For multi-objective reinforcement learning, an agent needs to optimize two or more objective tasks simultaneously. The research of the project needs to realize the collaborative optimization of multiple targets such as the longitudinal speed planning of the whole vehicle, the energy management and the service life of the power battery. Each target i obtains a corresponding state action function according to a fixed strategy pi
The final state action function is then expressed as:
the final state action function is obtained by simplifying a Bellman equation, and the final optimization goal of the multi-objective intelligent agent is to solve the maximum value of the state action function:
the optimal strategy can be obtained by the following formula:
and the state action function Q of each targetiThe update rule of (s, a) may be expressed as:
reward function r for ith target taskiA feedback signal representing the environment given to the agent, a is the learning rate, and s ', a' represent the state and action of the agent at the next moment, respectively. In the present study, the environmental conditions include the vehicle's own state such as the power system rotational speed and torque, the battery SOC and SOH, the vehicle speed and acceleration; and external traffic environment states such as the current passenger number, vehicle position, station position, traffic flow, headway, arrival time and the like.

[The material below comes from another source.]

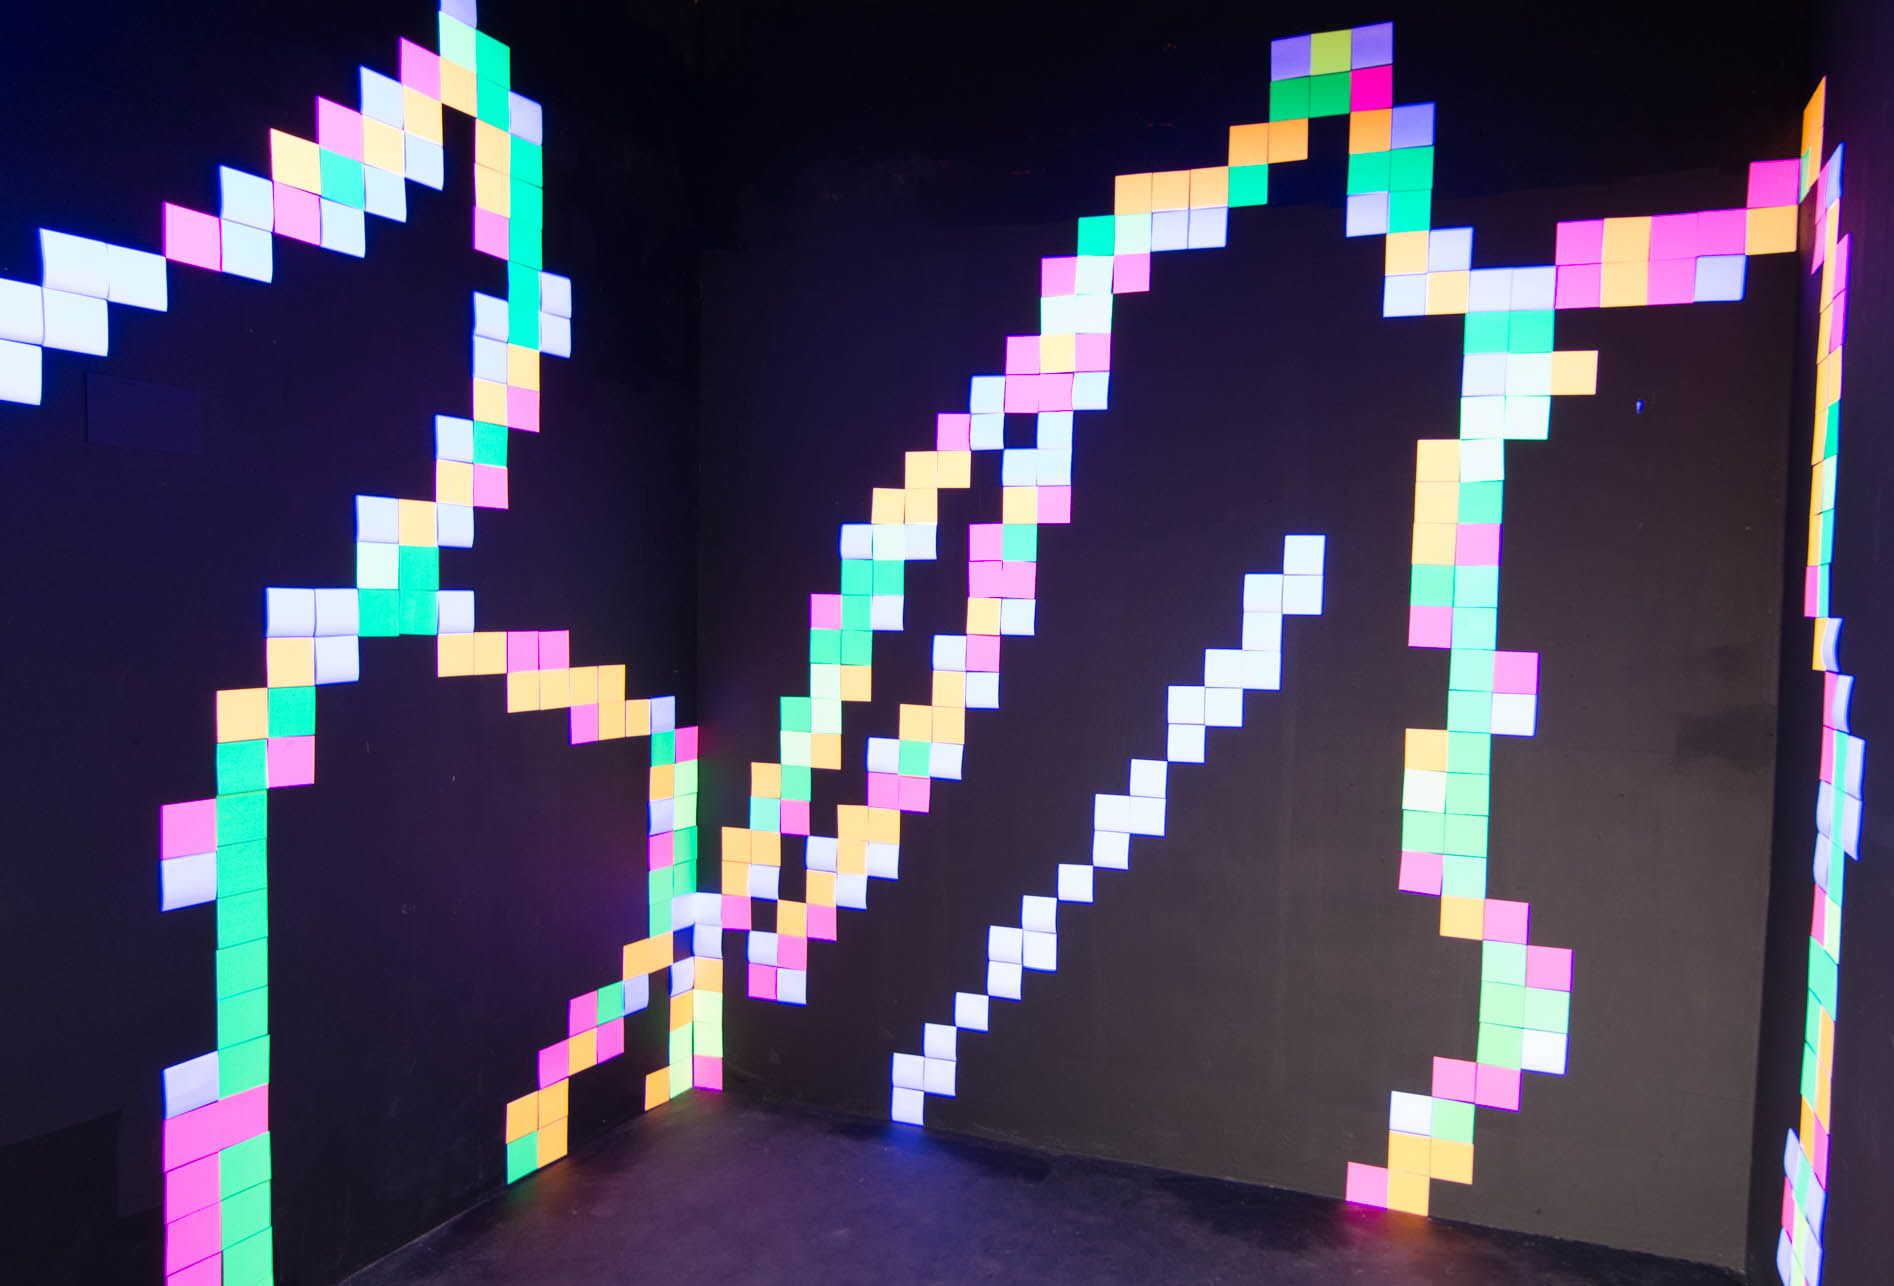 Fluro Pixel Squares, image 7a -white light

5) The importance of the optimization tasks in the multiobjective optimization problem is differentiated by introducing an attention mechanism, wherein the importance of the velocity planning and the energy allocation is relatively higher. And the learning efficiency and stability of the whole algorithm are improved through an asynchronous deep reinforcement learning collaborative training framework. By means of the multi-objective optimization of the part of research contents, the operation efficiency and the energy consumption economy of the new energy bus can be improved, the macro scheduling in the research contents is coordinated with the macro scheduling in the research contents, and the macro/micro level combined energy-saving optimization of the networked new energy bus system is achieved.
The foregoing is only a partial embodiment of the present invention, and it should be noted that, for those skilled in the art, various modifications and decorations can be made without departing from the principle of the present invention, and these modifications and decorations should also be regarded as the protection scope of the present invention.